Konrad Kujau: el hombre que falsificó a Hitler

El falsificador Konrad Kujau ha pasado a la historia por ser el artífice de un colosal fraude, al afirmar que estaba en posesión de los diarios secretos de Adolf Hitler y venderlos a la revista "Stern" y al dominical británico "The Sunday Times". Tras salir a la luz el engaño, el semanario alemán perdió su prestigio y una descomunal suma de dinero.

Foto: AP

En la década de 1980, un hombre al que se conocía por los apodos de "el profesor" y "Fischer" saltó a los medios de comunicación por su pretensión de estar en posesión de los diarios secretos de Adolf Hitler. Dos publicaciones tan prestigiosas como la revista alemana Stern y el periódico dominical británico The Sunday Times adquirieron la que pensaron sería la exclusiva del siglo. Pero ¿era eso cierto? En realidad se trató de un elaborado fraude, un engaño que costó su reputación al historiador Hugh Trevor-Roper y su carrera al periodista Gerd Heidemann, el cual pasó cuatro años en prisión y acabó viviendo prácticamente en la indigencia.

Un delincuente contumaz

Pero ¿quién estaba detrás de todo esto? ¿Quién era Fischer? La historia de los diarios secretos de Hitler fue creada por un hombre nacido en 1938 llamado Konrad Kujau, cuya familia, que era originaria de la localidad alemana de Löbau, en Sajonia oriental, fue una ferviente seguidora del partido nazi. De baja estatura, con bigote y siempre luciendo una amplia sonrisa, Kujau encadenó toda su vida un trabajo temporal con otro y tuvo numerosos problemas con la ley. En 1959 fue multado con 80 marcos por el robo de tabaco; en 1960 fue enviado a prisión al ser sorprendido robando en un almacén de brandy; en 1961 volvió a la cárcel por robar cinco cajas de fruta, y seis meses después fue arrestado tras pelearse con su jefe cuando trabajaba como cocinero en un bar. Con estos antecedentes tampoco es extraño que decidiese iniciar una carrera como falsificador, que comenzó en 1963, cuando empezó a falsificar vales de comida por valor de 27 marcos. Pero también fue descubierto, y tras cumplir un arresto de cinco días, Kujau fue puesto en libertad. Fue entonces cuando él y su esposa, Edith Lieblang, decidieron fundar una empresa de limpieza, la Lieblang Cleaning Company.
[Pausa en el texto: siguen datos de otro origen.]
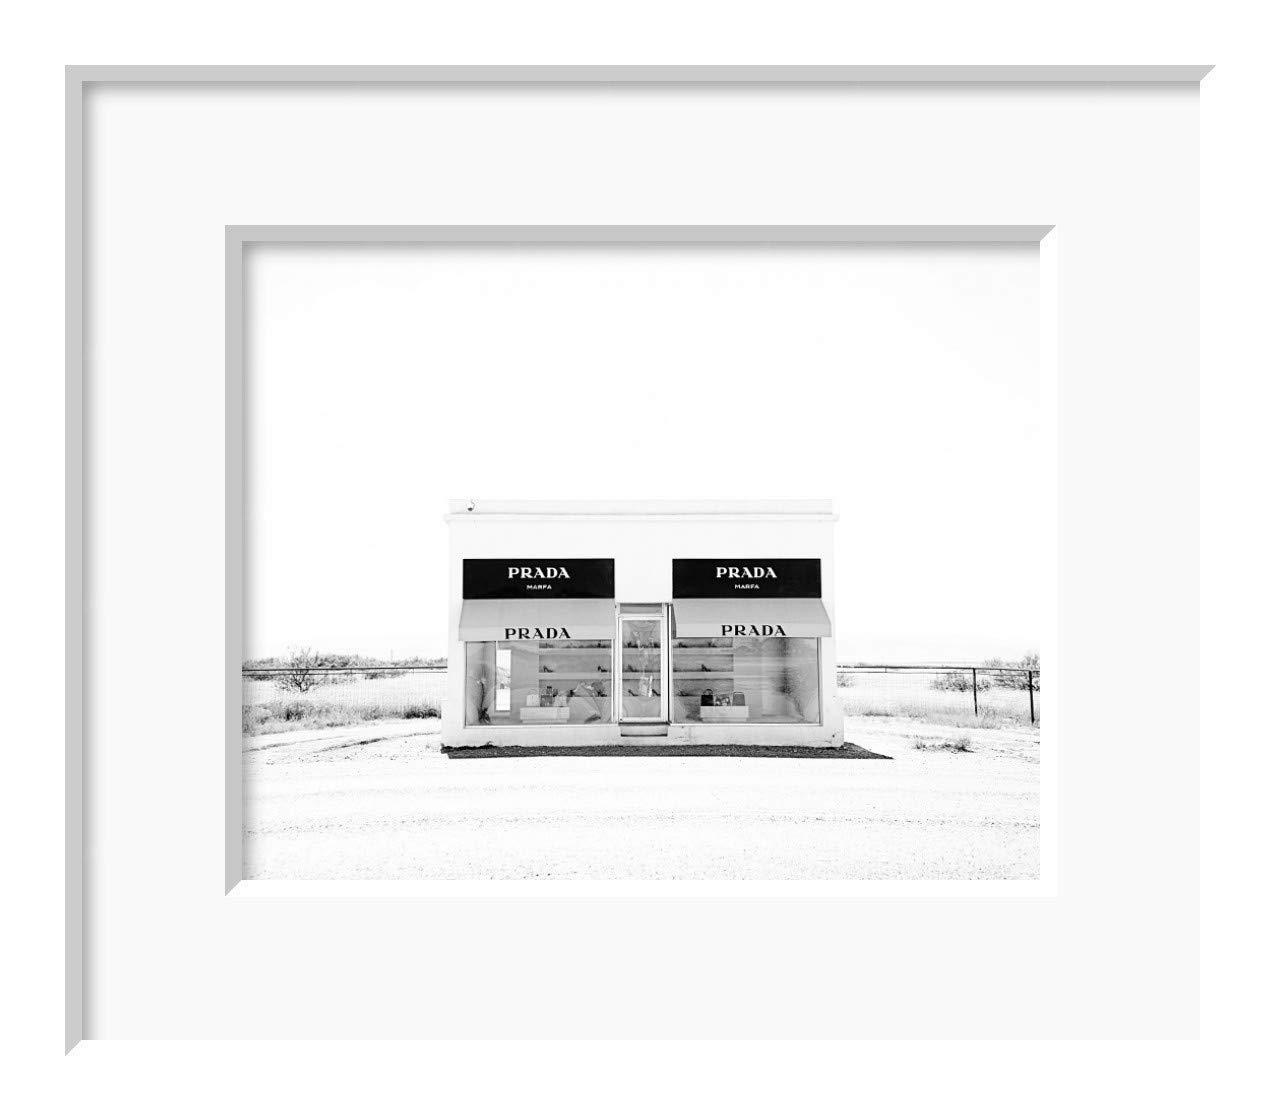 Prada Marfa Black and White Photograph 8x10 inch print

Esta fue la portada de la prestigiosa revista alemana Stern del número en el que se publicaba la información de que Konrad Kujau estaba en posesión de los diarios de Hitler.

Esta fue la portada de la prestigiosa revista alemana Stern del número en el que se publicaba la información de que Konrad Kujau estaba en posesión de los diarios de Hitler.

Foto: Cordon Press

De baja estatura, con bigote y siempre luciendo una amplia sonrisa, Kujau encadenó toda su vida un trabajo temporal con otro y tuvo numerosos problemas con la ley.

Pero los problemas de Kujau con la ley no acabaron ahí, y en un control policial rutinario, en 1968, fue detenido al descubrirse que vivía bajo una falsa indentidad: la de Peter Fischer. En comisaría, Kujau intento aclararlo, pero ninguna de sus explicaciones convenció a la policía por lo que fue sentenciado a pasar una temporada en la prisión de Stuttgart. Tras su liberación, Kujau fue a visitar a su familia, que vivía en Alemania Oriental, y se dio cuenta de que muchos vecinos poseían recuerdos de la época nazi, algo que estaba prohibido por el gobierno comunista de la RDA. Kujau vio en esos artículos un filón, y decidió comprarlos todos a un precio irrisorio y venderlos a su regreso a Alemania Occidental.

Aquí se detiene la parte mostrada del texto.